Iterating through ImageFolder for sample, target

John_J_Watson · May 21, 2020, 8:54am

I am trying to use the ImageFolder class to read a bunch of images which are arranged this way:

0(folder)
    image01
    image01

1(folder)
    image01
    image01

2(folder)
    image01
    image01

Then I do something lilke:

ds = torchvision.datasets.ImageFolder( root=path_to, transform=p )

I can see the list of classes through:

list_of_classes=list(map(int, list(ds.classes)) )

Now reading through the docs, I iterate through the sample and targets lke so:

for idx, (sample, target) in enumerate(ds):
    print(sample, target)

For some reason, I notice that the target is showing the indices of ds.classes rather than the target value itself.

Is this the intended behaviour? I was expecting it to simply show me the classes (0,1,2) in this case.

ptrblck · May 21, 2020, 9:49am

Assuming dataset.classes returns the folder names, the corresponding indices should be the class indices (i.e. the target values), shouldn’t it?
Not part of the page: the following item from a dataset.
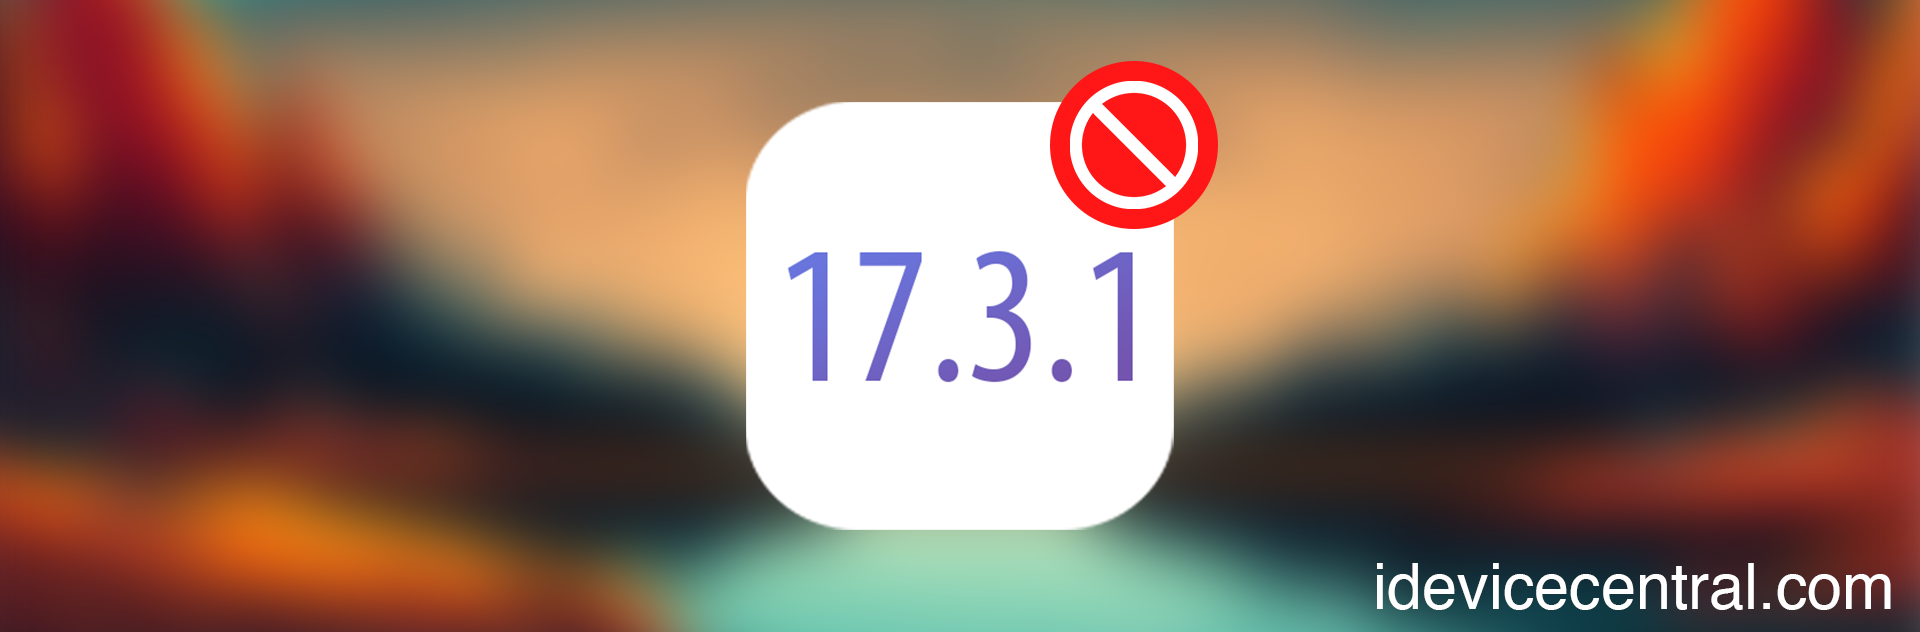 Apple Stops Signing iOS 17.3.1. Downgrades from iOS 17.4 / 17.4.1 Now Impossible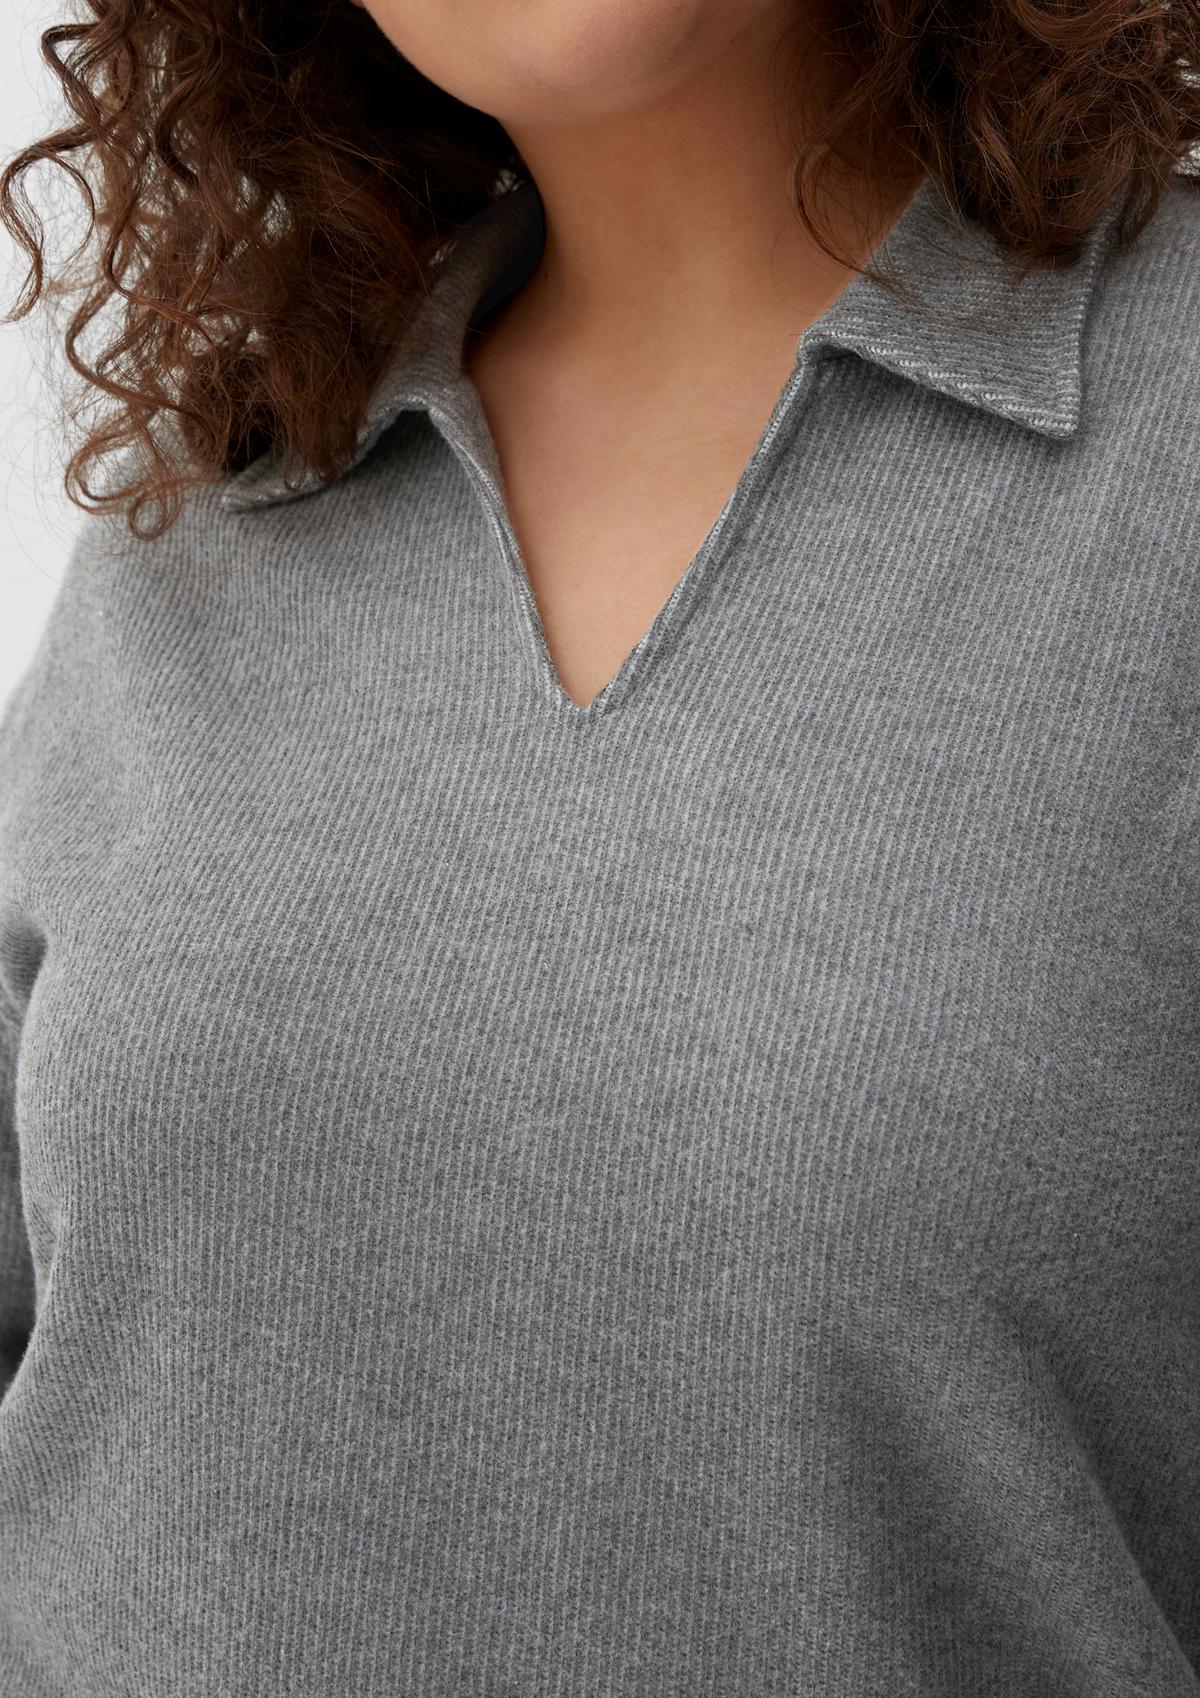 s.Oliver Sweatshirt with a polo collar

John_J_Watson · May 21, 2020, 10:17am

@ptrblck: thank you for your reply but I am not sure I understand what you have said

So, dataset.classes does return folder names, but when I loop through ds , the target is showing me indices of dataset.classes rather than the folder name

To the NN I would pass the sample and the target(which here is the folder name), not the indices, right?

I am confused as to why this is… I obviously do not understand something

So, when I do:

for idx, (sample, target) in enumerate(train_dataset):
    print(sample, list_of_classes[target] )

it seems to pick up the correct labels(aka target/folder_names). Is this the correct way to do it?

ptrblck · May 21, 2020, 10:19am

That is expected and the target should contain the class indices, not the names.
So e.g. for three folders your target should contain values in [0, 1, 2]
These target values are used to index the output of the model during the loss calculation, so they are used as numerical values instead of the folder names.

John_J_Watson · May 21, 2020, 10:30am

@ptrblck: thank you for this clarification. I think I got confused because my folder_names were also integers. It does make sense, since we compute the probability of classes at the end and thus indexing makes sense.

Thank you again. This was VERY helpful.